Writing your own service discovery client for Apache APISIX

Nicolas Fränkel - Jul 20 '22 - - Dev Community

API Gateways in general, and Apache APISIX in particular, provide a single entry point into one's information system. This architecture allows for managing load balancing and failover over similar nodes.
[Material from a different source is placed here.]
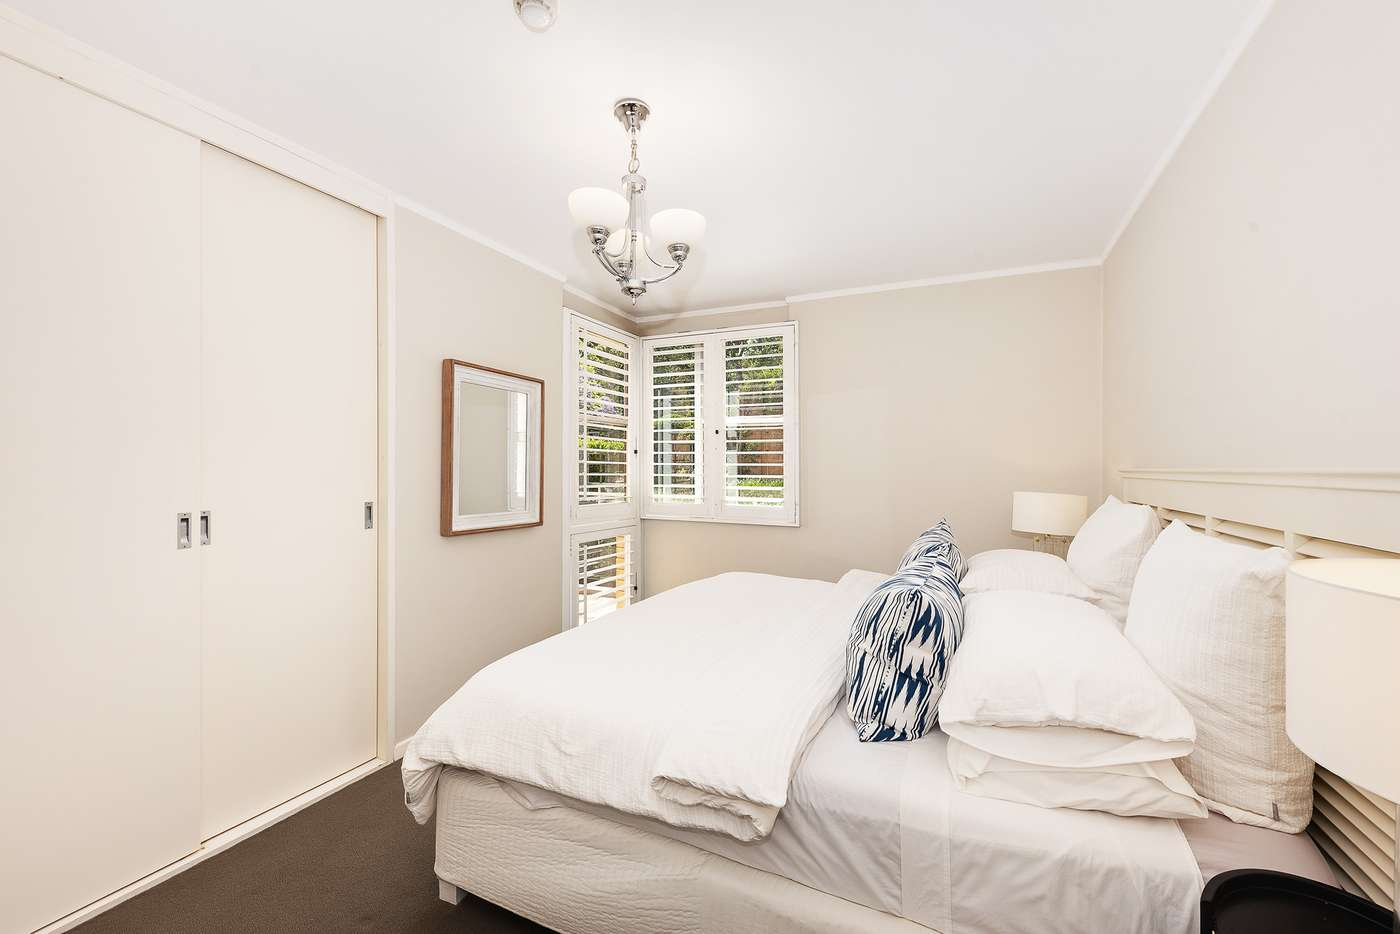 Sixth view of Homely apartment listing, 3/74 Upper Pitt Street, Kirribilli NSW 2061

For example, here's how you can create a route balanced over two nodes in Apache APISIX:

curl http://localhost:9080/apisix/admin/routes/1 -H 'X-API-KEY: edd1c9f034335f136f87ad84b625c8f1' -X PUT -i -d '{
  "uri": "/*",
  "upstream": {
    "type": "roundrobin",
    "nodes": {
      "192.168.0.1:80": 1,           # 1
      "192.168.0.2:80": 1            # 1
    }
  }
}'
Enter fullscreen mode Exit fullscreen mode
  1. Every request has a 50/50 chance of being sent to either node

It worked for a long time, but in this day and age, nodes are probably not pets but cattle: they come, and they go. Hence, it's essential to dynamically update the nodes' list when it happens.

In this post, I'd like to explain how to do it.

Existing service discovery registries

Please, don't reinvent the wheel! Apache APISIX comes with a bunch of existing service discovery registries out-of-the-box.

Registry Provider Description Integration
DNS Link
Consul HashiCorp
Consul uses service identities and traditional networking practices to help organizations securely connect applications running in any environment.
Link
nacos Alibaba
An easy-to-use dynamic service discovery, configuration and service management platform for building cloud native applications.
Link
Eureka Netflix
Eureka is a RESTful (Representational State Transfer) service that is primarily used in the AWS cloud for the purpose of discovery, load balancing and failover of middle-tier servers. It plays a critical role in Netflix mid-tier infra.
Link
Zookeeper Apache
ZooKeeper is a centralized service for maintaining configuration information, naming, providing distributed synchronization, and providing group services. All of these kinds of services are used in some form or another by distributed applications. Each time they are implemented there is a lot of work that goes into fixing the bugs and race conditions that are inevitable. Because of the difficulty of implementing these kinds of services, applications initially usually skimp on them, which make them brittle in the presence of change and difficult to manage. Even when done correctly, different implementations of these services lead to management complexity when the applications are deployed.
Link
Kubernetes CNCF
Kubernetes, also known as K8s, is an open-source system for automating deployment, scaling, and management of containerized applications.
Link

Before you write your own, make sure your platform is not listed above.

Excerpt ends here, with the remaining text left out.